(Information shown):
--- START ---
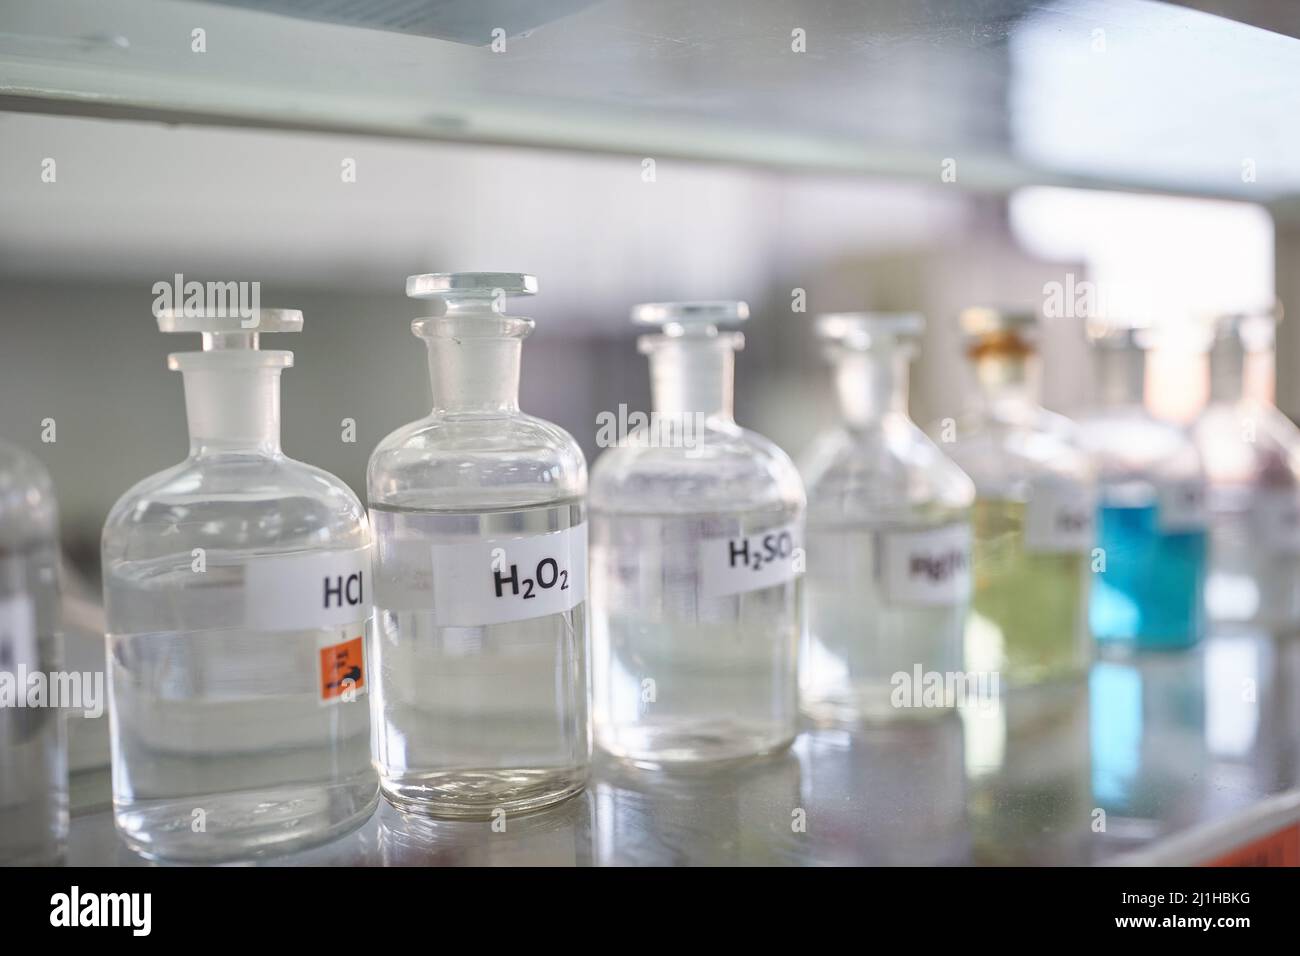 Chemikalienbehälter auf dem Regal in einer sterilen Laborumgebung. Chemie, Labor, Chemikalien Stockfoto
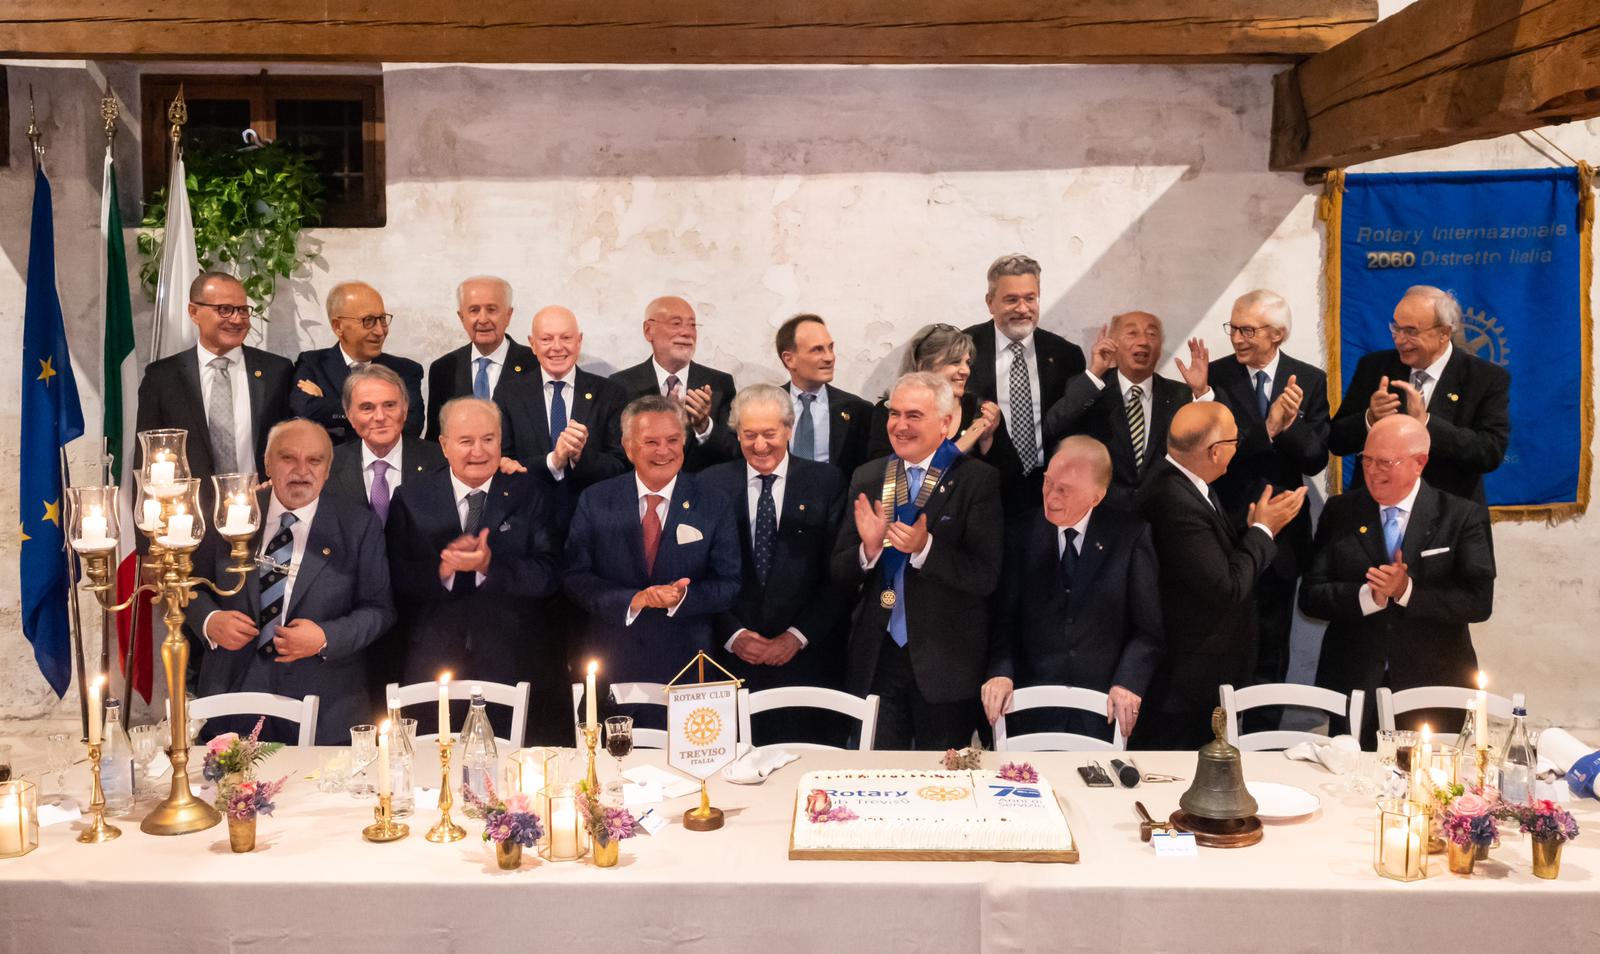 Presidenti del Rotary Club Treviso in occasione del 70° anniversario del Club.
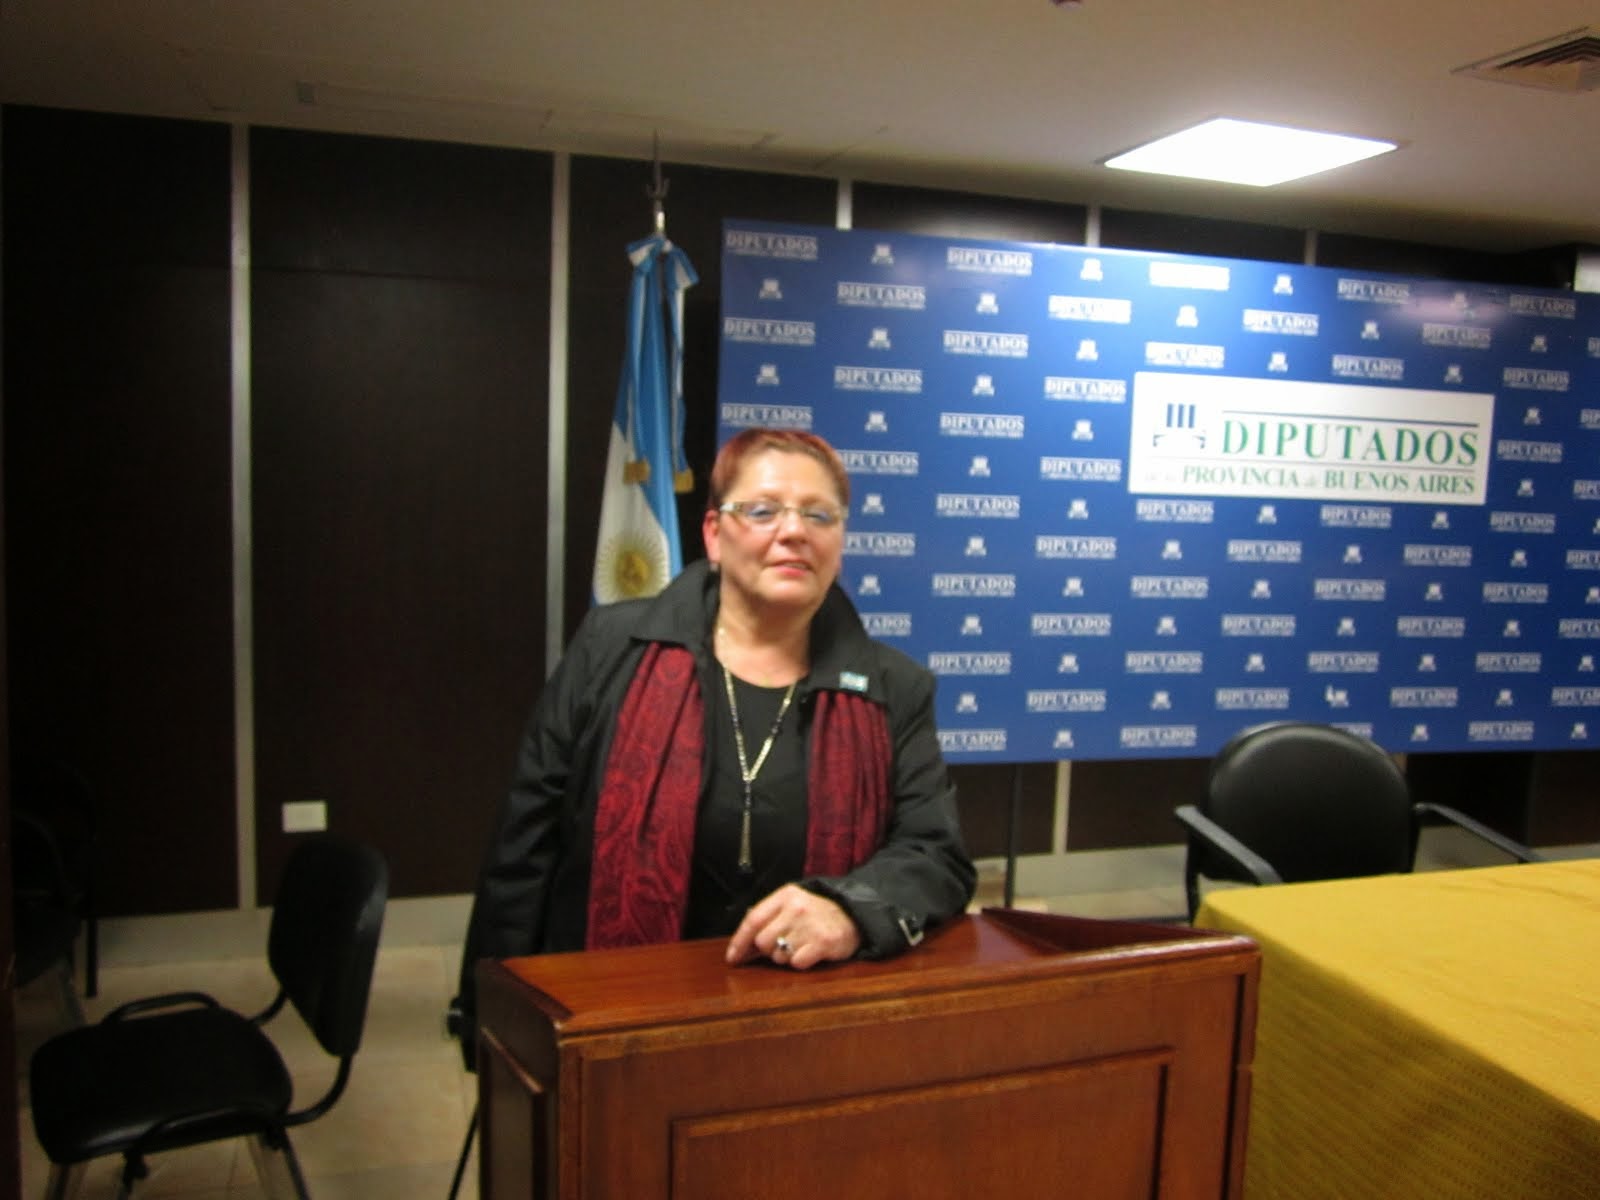 Mirta Praino-Honorable Camara de Diputados de la Provincia de Buenos Aires
--- END ---
(Your assignment): Leave out the pictures; repeat the data exactly.

(Answer section):
 Chemikalienbehälter auf dem Regal in einer sterilen Laborumgebung. Chemie, Labor, Chemikalien Stockfoto
 Presidenti del Rotary Club Treviso in occasione del 70° anniversario del Club.
 Mirta Praino-Honorable Camara de Diputados de la Provincia de Buenos Aires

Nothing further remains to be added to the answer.